La succession

De la mi-novembre 1983 au mois de décembre 1987, Paul Katrakilis a été heureux. Les 28 premières années qui ont précédé l’ont forgé en tant qu’être au cœur d’une famille prompte à disparaître. Bien qu’elle soit composée de peu de membres, sa famille dénote de sa personnalité autant qu’elle permet de la comprendre. Le mystère de son grand-père, sa mère et sa proximité presque maritale avec son frère et son père insensible ont peut-être poussé Paul à s’installer à Miami pour devenir joueur professionnel de pelote basque. C’est justement le suicide inexplicable de son père qui le ramène à Toulouse, dans la maison d’enfance. Le bonheur s’arrête pour faire place à la vie.

Notre histoire commençait avec mon grand-père, en URSS, aux alentours des années 1940, et il était hors de question d’espérer remonter plus avant dans le temps. Pas un mot sur ma grand-mère, son prénom, la ville où elle habitait, sa vie ou sa mort, comme si Spyridon voulait laissait croire qu’il s’était reproduit par scissiparité. Pas davantage d’explication sur la consonance hellène de notre nom, les raisons de notre établissement à Moscou où les circonstances d’éventuelles migrations familiales. Même vide et identique silence en ce qui concernait les Gallieni. Dans les conversations, le frère et la sœur apparaissaient à Toulouse aux alentours de ma date de naissance et, à les entendre, nul ne les avait réellement enfantés et élevés. C’est à peine s’ils évoquaient parfois quelques souvenirs d’études communes. Le magasin? Il avait effectivement appartenu à leurs parents. Que faisaient leurs parents? Ils travaillaient au magasin. Puis ils étaient morts. Fin de l’histoire. Ce couple n’avait pas de prénom, la femme et l’homme réparaient des montres. Ils étaient dépourvus d’existence, privés de la moindre réalité.
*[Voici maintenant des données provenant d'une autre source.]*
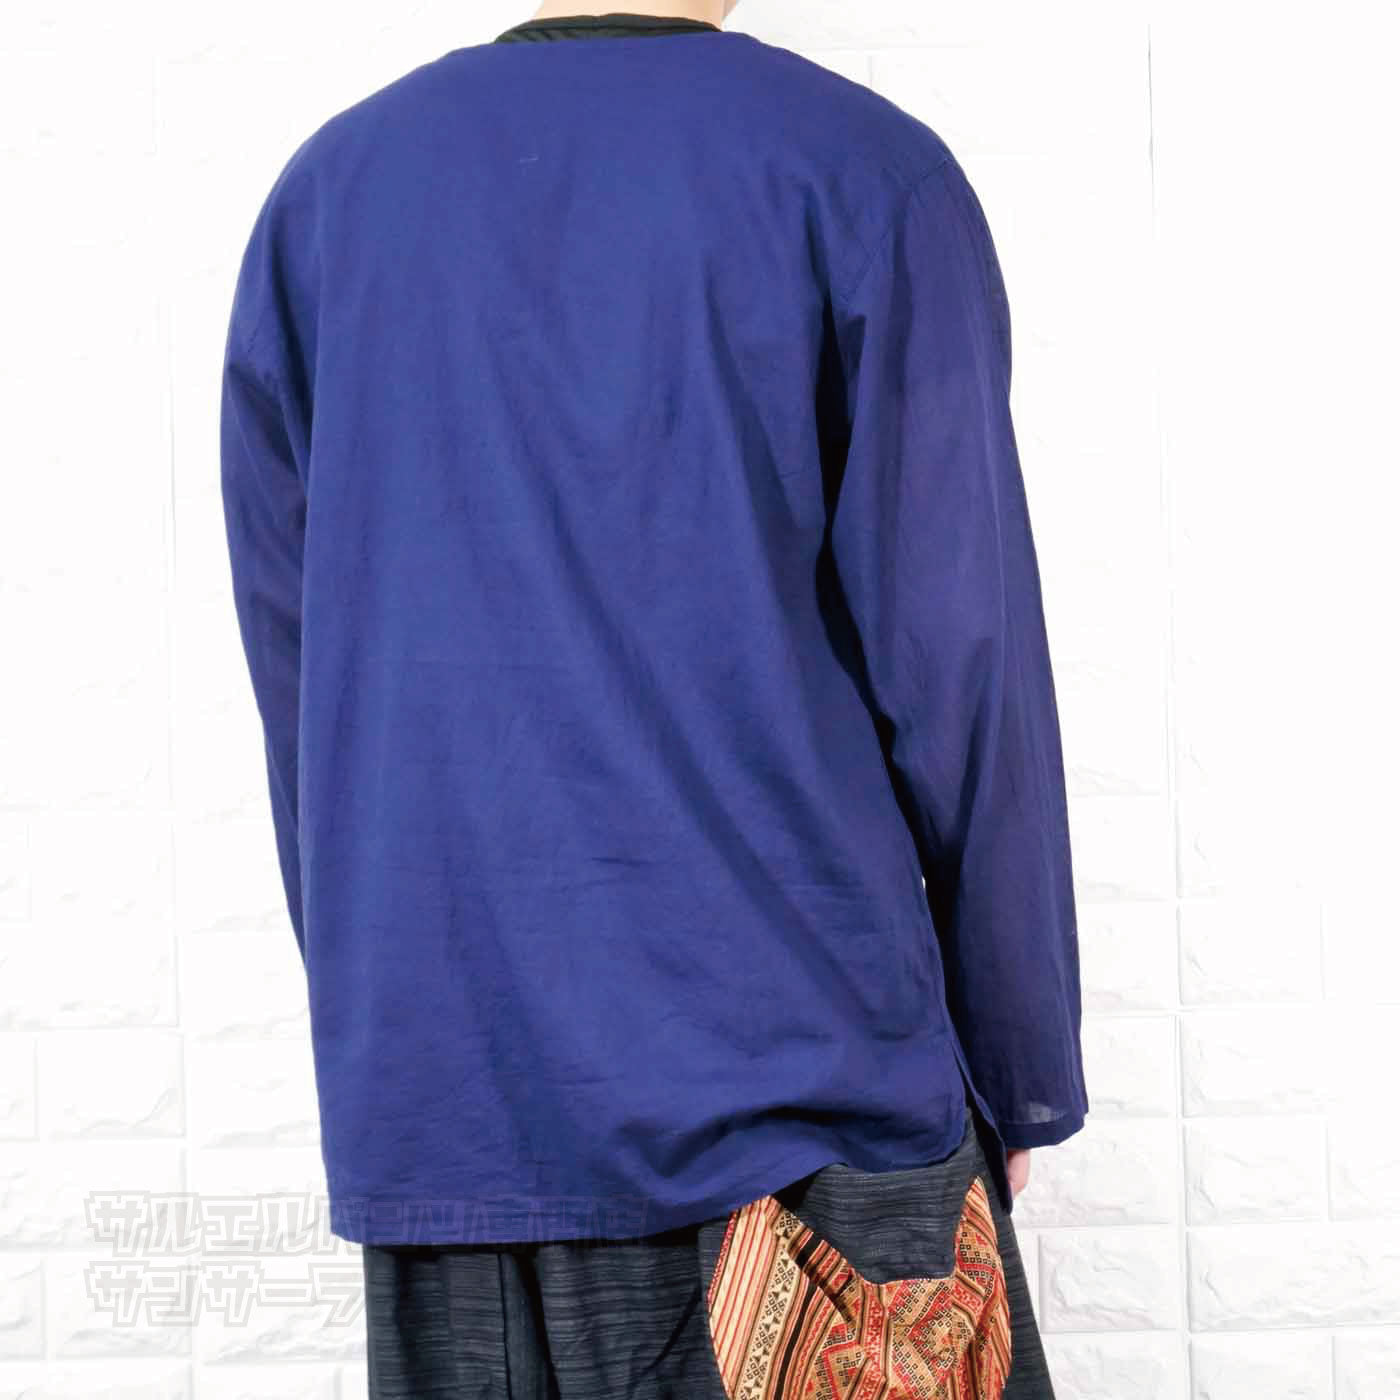 エスニック Tシャツ 長袖 クルタシャツ トップス メンズ レディース ユニセックス 渦巻き 大きめサイズ ゆったり アジアン ファッションブラック

Ils s’appelaient juste « les parents » quand leurs enfants s’égaraient à les mentionner. Et pour mon père, ces horlogers diaphanes étaient les « Gallieni ». Nulle date, ni mention, ni cause de leur disparition. Un matin ils étaient allés au travail, et au soir, à l’image de ma grand-mère paternelle, ils avaient disparu. Notre vie commune se résuma donc à l’acceptation silencieuse de ces artefacts généalogiques, ces ascendances tacitement détourées, ces fantômes qui n’étaient nulle part ne hantaient personne.

Les premiers chapitres nous plongent dans un monde loufoque où chaque personnage développe son excentricité. Le grand-père devrait être un raconteur d’histoires émerveillant son petit-fils mais il ne parvient qu’à l’effrayer en tant que dernier médecin de Staline (dont il possèderait une partie du cerveau). Les parents sont très distants, ne semblant guider à aucun moment leur fils. Toutes ces particularités expliquent le départ du protagoniste et sa vie dans un monde à part, la pelote basque. Le roman alterne la joie de ce sport (une sorte de liberté par l’expression du corps) et les histoires de famille que le narrateur semble ressasser. Chaque nouvelle narration de ces anecdotes familiales permet au protagoniste (et aux lecteurs par la même occasion) de les intégrer, de les digérer et de se les approprier. La propension familiale au suicide reste un questionnement pour Paul Katrakilis. Il peut sembler même qu’il s’en amuse au début car le ton (comme lui d’ailleurs) reste très distant. Mais, au fur et mesure, il se sent touché et laisse naître un certain fatalisme. L’auteur traite de la succession, du fait de rester après le départ de tous les autres, d’être porteur d’un vécu et d’une manière familiale d’aborder la vie. Paul n’est pas un héritier, ce qui supposerait génétique ou patrimoine assumé. Le roman est loin de ces considérations concrètes. Jean-Paul Dubois interroge l’individu dans la place qu’il prend dans la lignée, dans une suite. Il poursuit le chemin intellectuel et physique entamé par ses prédécesseurs. Le personnage, dans ses errances sentimentales et son parcours professionnel, devient de plus en plus émouvant. Quand les années de bonheur se terminent, le roman change de ton, ce qui est un peu dérangeant. Le personnage est plus impliqué, plus réaliste, plus fragile. Une fois cette transition passée, nous rentrons de plein pied dans la vie de Paul. Ce roman qui commence dans la loufoquerie s’achemine vers une sincérité bouleversante.

Le roman de Jean-Paul Dubois est publié aux Éditions de l’Olivier au prix de 19€.